How do cancer cells differentiate from healthy ones? A new machine learning algorithm called “ikarus” knows the answer, reports a team led by MDC bioinformatics Altuna Akalin in the journal Genome Biology. The AI ​​program has found a characteristic genetic signature of tumors.

When it comes to identifying patterns in mountains of data, humans are no match for artificial intelligence (AI). In particular, a branch of AI called machine learning is often used to find regularities in data sets, whether for stock market analysis, image and voice recognition, or cell classification. lules. To reliably distinguish cancer cells from healthy ones, a team led by Dr. Altuna Akalin, head of the Bioinformatics and Omics Data Science Platform at the Max Delbrück Center for Molecular Medicine of the Helmholtz Association (MDC), has now developed a machine learning program. called “ikarus”. The program found a pattern in tumor cells that is common to different types of cancer, consisting of a characteristic combination of genes. According to the team’s paper in the journal Genome Biology, the algorithm also detected types of genes in the pattern that had never before been clearly linked to cancer.
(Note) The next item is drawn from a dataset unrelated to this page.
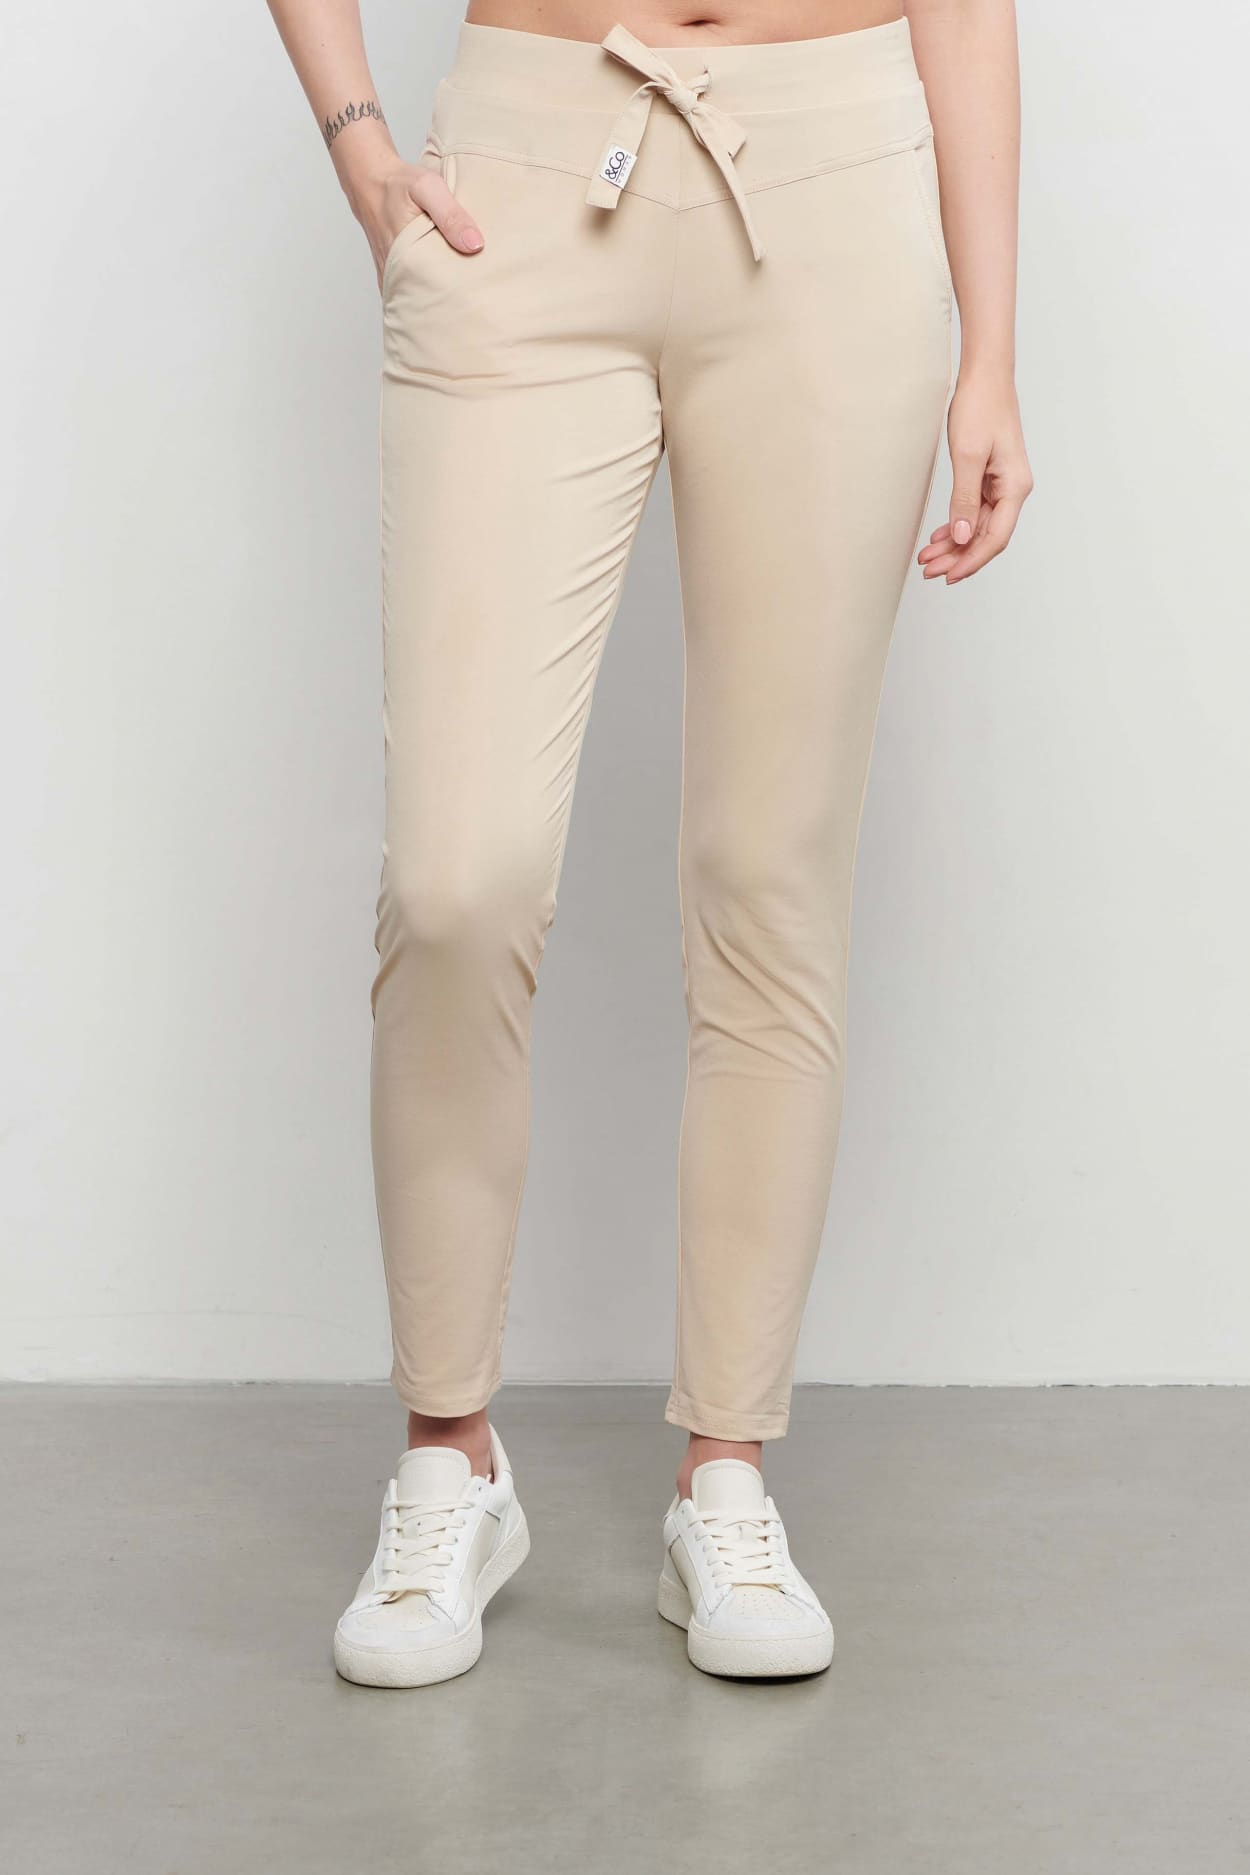 &Co Woman Peppe Travel Pant - Light Sand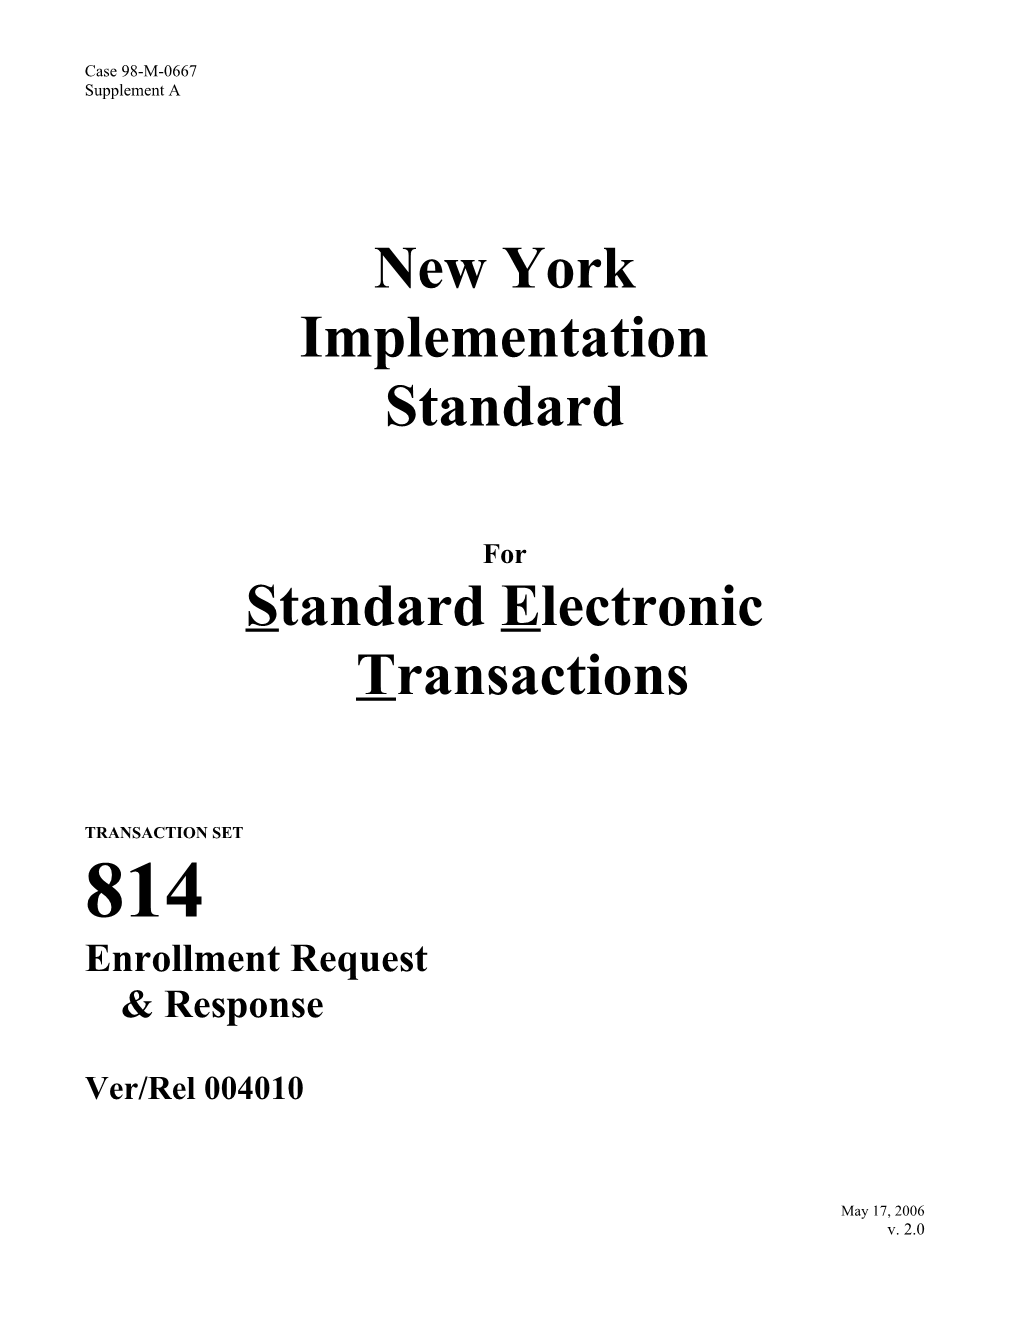 Standard Electronic Transactions

Machine learning essentially means that an algorithm uses training data to learn how to answer certain questions on its own. He does this by looking for patterns in the data to help him solve problems. After the training phase, the system can generalize from what it has learned to evaluate unknown data.

It was a major challenge to obtain adequate training data where experts had already clearly distinguished between “healthy” and “cancerous” cells.


Jan Dohmen, first author of the article

A surprisingly high success rate

In addition, single-cell sequencing datasets are often noisy. This means that the information they contain about the molecular characteristics of individual cells is not very accurate, perhaps because a different number of genes are detected in each cell or because samples are not always processed in the same way. As reported by Dohmen and his colleague, Dr. Vedran Franke, co-head of the study, they reviewed countless publications and contacted many research groups in order to obtain appropriate data sets. Finally, the team used data from lung and colorectal cancer cells to train the algorithm before applying it to data sets from other types of tumors.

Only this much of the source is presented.